**Problem**
From the first line to the last, repeat the data exactly but leave out the pictures.

━━━ Data block ━━━

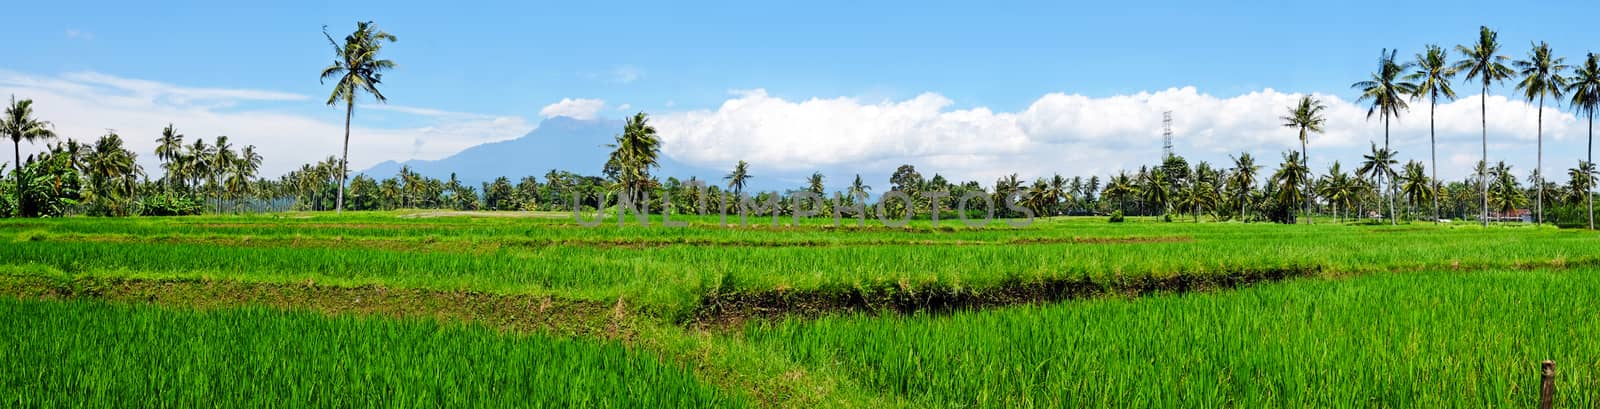 Panorama from rice field landscape on Java island, Indonesia
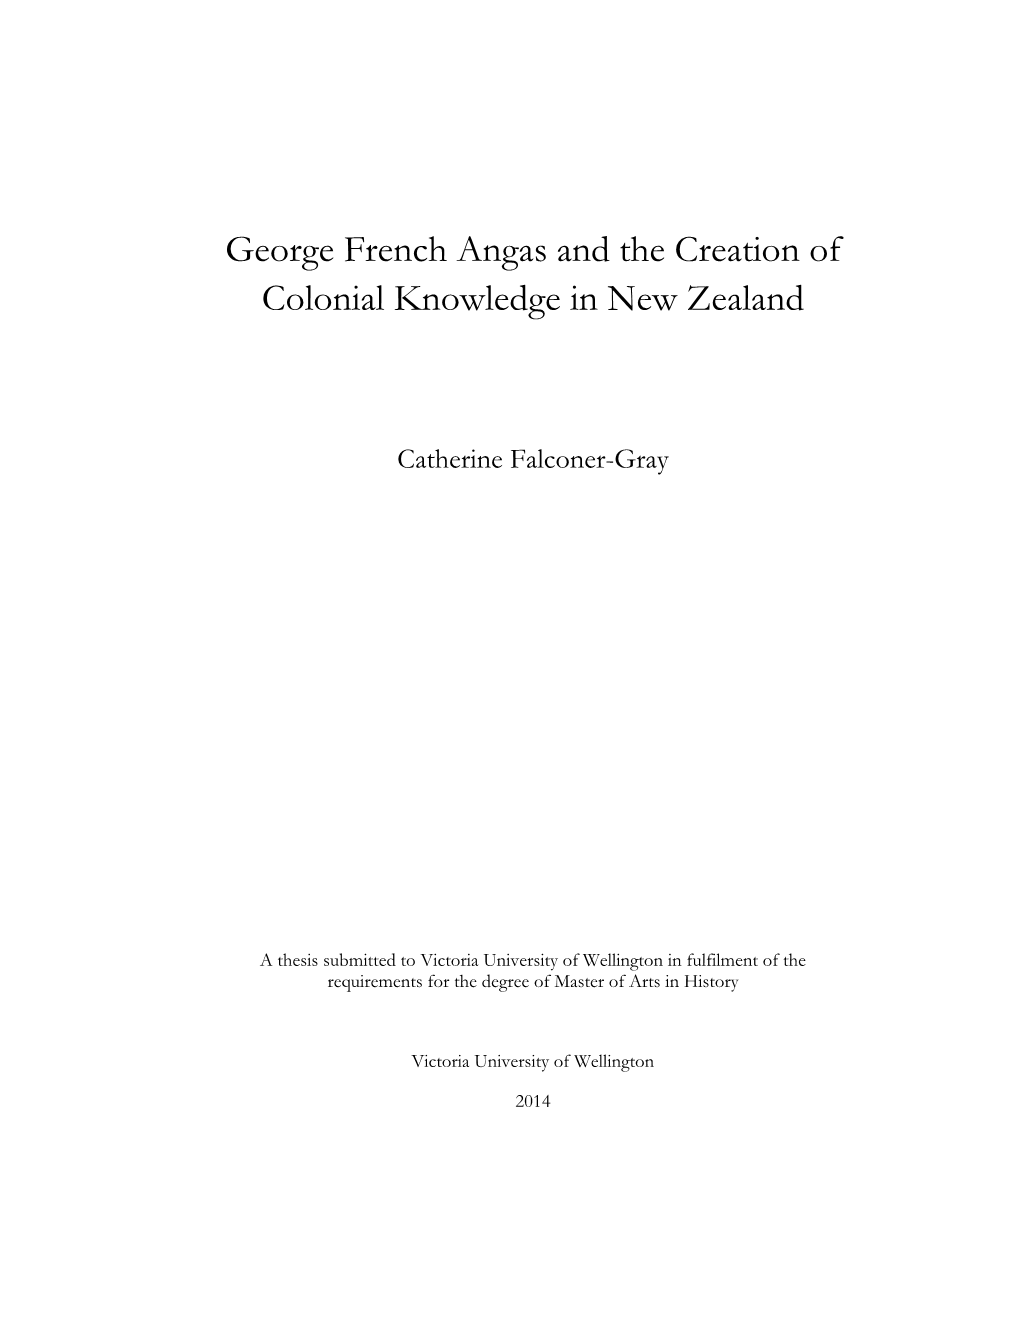 George French Angas and the Creation of Colonial Knowledge in New Zealand
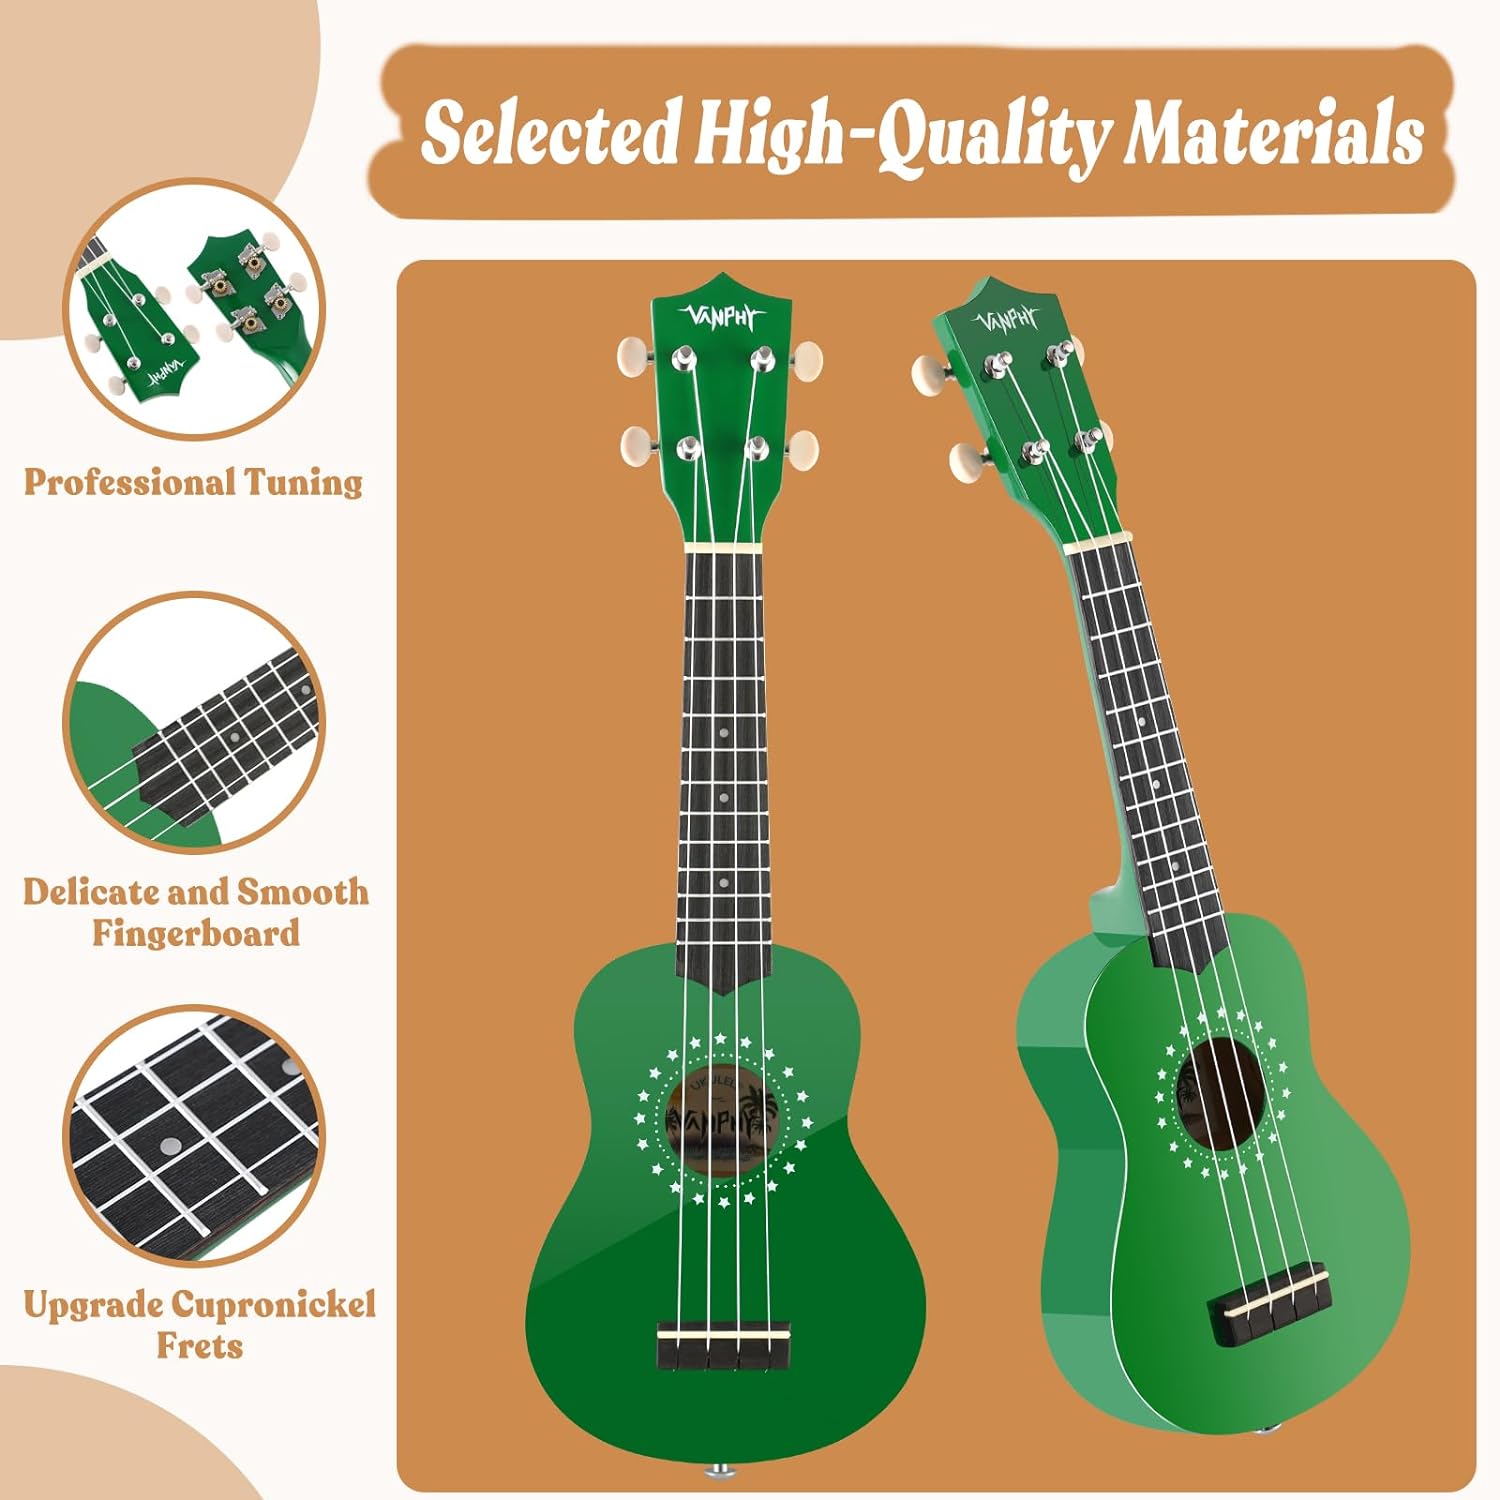 VANPHY Soprano Ukulele for Kids，21 Inch Ukelele with Bag Strap Picks Songbook Cleaning Cloth Suitable for Adults and Beginners（Green）

━━━

**Output of the exercise**
 Panorama from rice field landscape on Java island, Indonesia
 George French Angas and the Creation of Colonial Knowledge in New Zealand
 VANPHY Soprano Ukulele for Kids，21 Inch Ukelele with Bag Strap Picks Songbook Cleaning Cloth Suitable for Adults and Beginners（Green）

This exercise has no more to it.